De plus en plus isolé, Jean Ping se résout à écrire aux membres du conseil de sécurité de l’ONU

Jean Ping, leader de la CNR. © Twitter – PRJeanPing

C’est la lettre du désespoir. Dans l’impasse politique au Gabon suite aux dissensions dans le camp de l’opposition et peu audible à l’international, Jean Ping, le leader de la Coalition pour le Nouvelle République, a écrit fin mai aux membres du Conseil de sécurité de l’ONU. Un coup médiatique plus que politique, sa requête n’ayant aucune chance d’aboutir. Explication. 

Le courrier (dont La Libreville a pu lire une copie) est daté du 23 mai 2018. Il est signé de la main de l’avocat parisien William Woll, mandaté par l’opposant gabonais Jean Ping.

Son objet est mentionné d’emblée : « J’ai l’honneur de vous contacter […] afin d’obtenir du Conseil de Sécurité des Nations Unies l’adoption de sanctions ciblées contre le régime d’Ali Bongo… ». La raison selon l’auteur de ce courrier : « le coup d’Etat commis par Ali Bongo lors de l’élection présidentielle d’août 2016 » qui constituerait « une menace à la paix et à la sécurité internationales justifiant une intervention du Conseil de sécurité ». S’en suit 9 pages d’argumentaires et 29 pages d’annexes, soit 38 pages au total.

Cette démarche surprend les spécialiste du droit international. « Demander une intervention du conseil de sécurité deux ans après une élection dans un pays où l’on ne déplore aucun trouble est pour le moins baroque », souligne un spécialiste du droit international, professeur à la faculté de droit d’Assas à Paris.

Un ex-compagnon de route de Jean Ping juge, quant à lui, la démarche maladroite et même surprenante pour cet ex-président de la commission de l’Union africaine et ancien président de l’Assemblée générale de l’ONU. « Cette démarche n’ayant aucune chance d’aboutir, Jean Ping prend de nouveau le risque de montrer qu’il est isolé et que ses méthodes sont vouées à l’échec », déplore cette personnalité qui dit avoir conservé toute sa sympathie pour le leader de la CNR.

Un professeur de droit de l’Université Omar Bongo de Libreville pointe lui du doigt l’attitude de Jean Ping « qui appelle au secours la communauté internationale alors qu’il est fuyant vis-à-vis de la Justice de son pays qui lui a pourtant demandé de venir s’expliquer sur certains dossiers ».

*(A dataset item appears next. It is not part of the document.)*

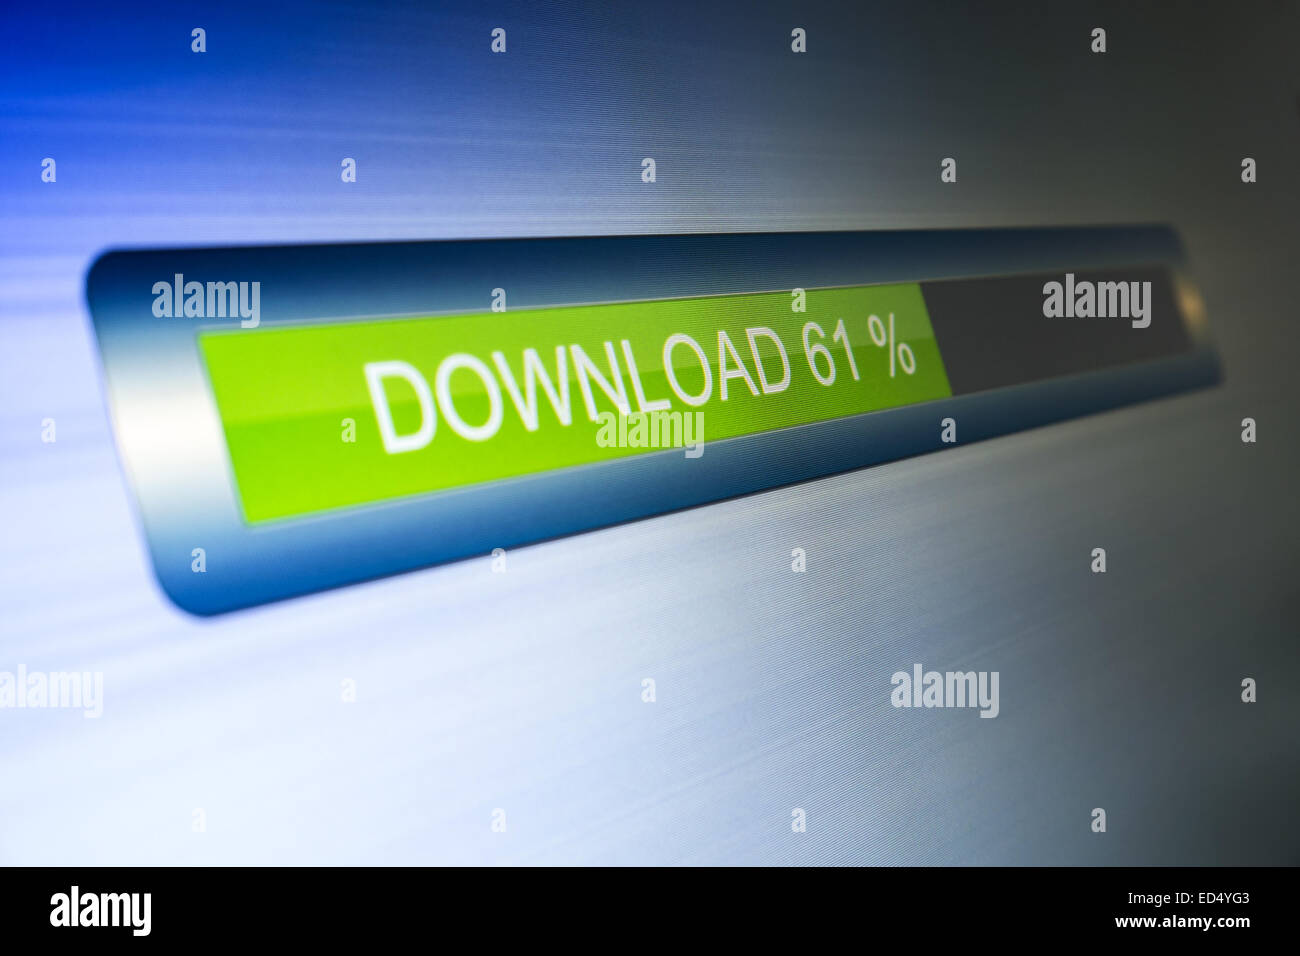 Download-Fortschritt auf dem led-Bildschirm (Abbildung) Stockfoto

En réalité, ce courrier a une vocation moins juridique que médiatique. Il est en réalité destiné à permettre à Jean Ping de reprendre la main au moment où celui-ci est en perte de vitesse, les rangs de ses soutiens s’éclaircissant de plus en plus tant à l’extérieur qu’à l’intérieur du pays.

A l’international, aucune des démarches qu’il a entreprises n’ont abouti et plus le temps passe plus l’écoute dont il bénéficie s’affaiblie. Quant à la situation politique intérieure, l’unité qu’il était parvenu à faire sur son nom lors de la présidentielle de 2016 s’est fissurée depuis, une bonne partie de l’opposition ayant soit rejoint le gouvernement (qui compte sept opposants en son sein) ou bien s’apprête à participer aux prochaines élections législatives (qui devrait se tenir dans deux ou trois mois) contre l’avis de Jean Ping qui plaide pour leur boycott.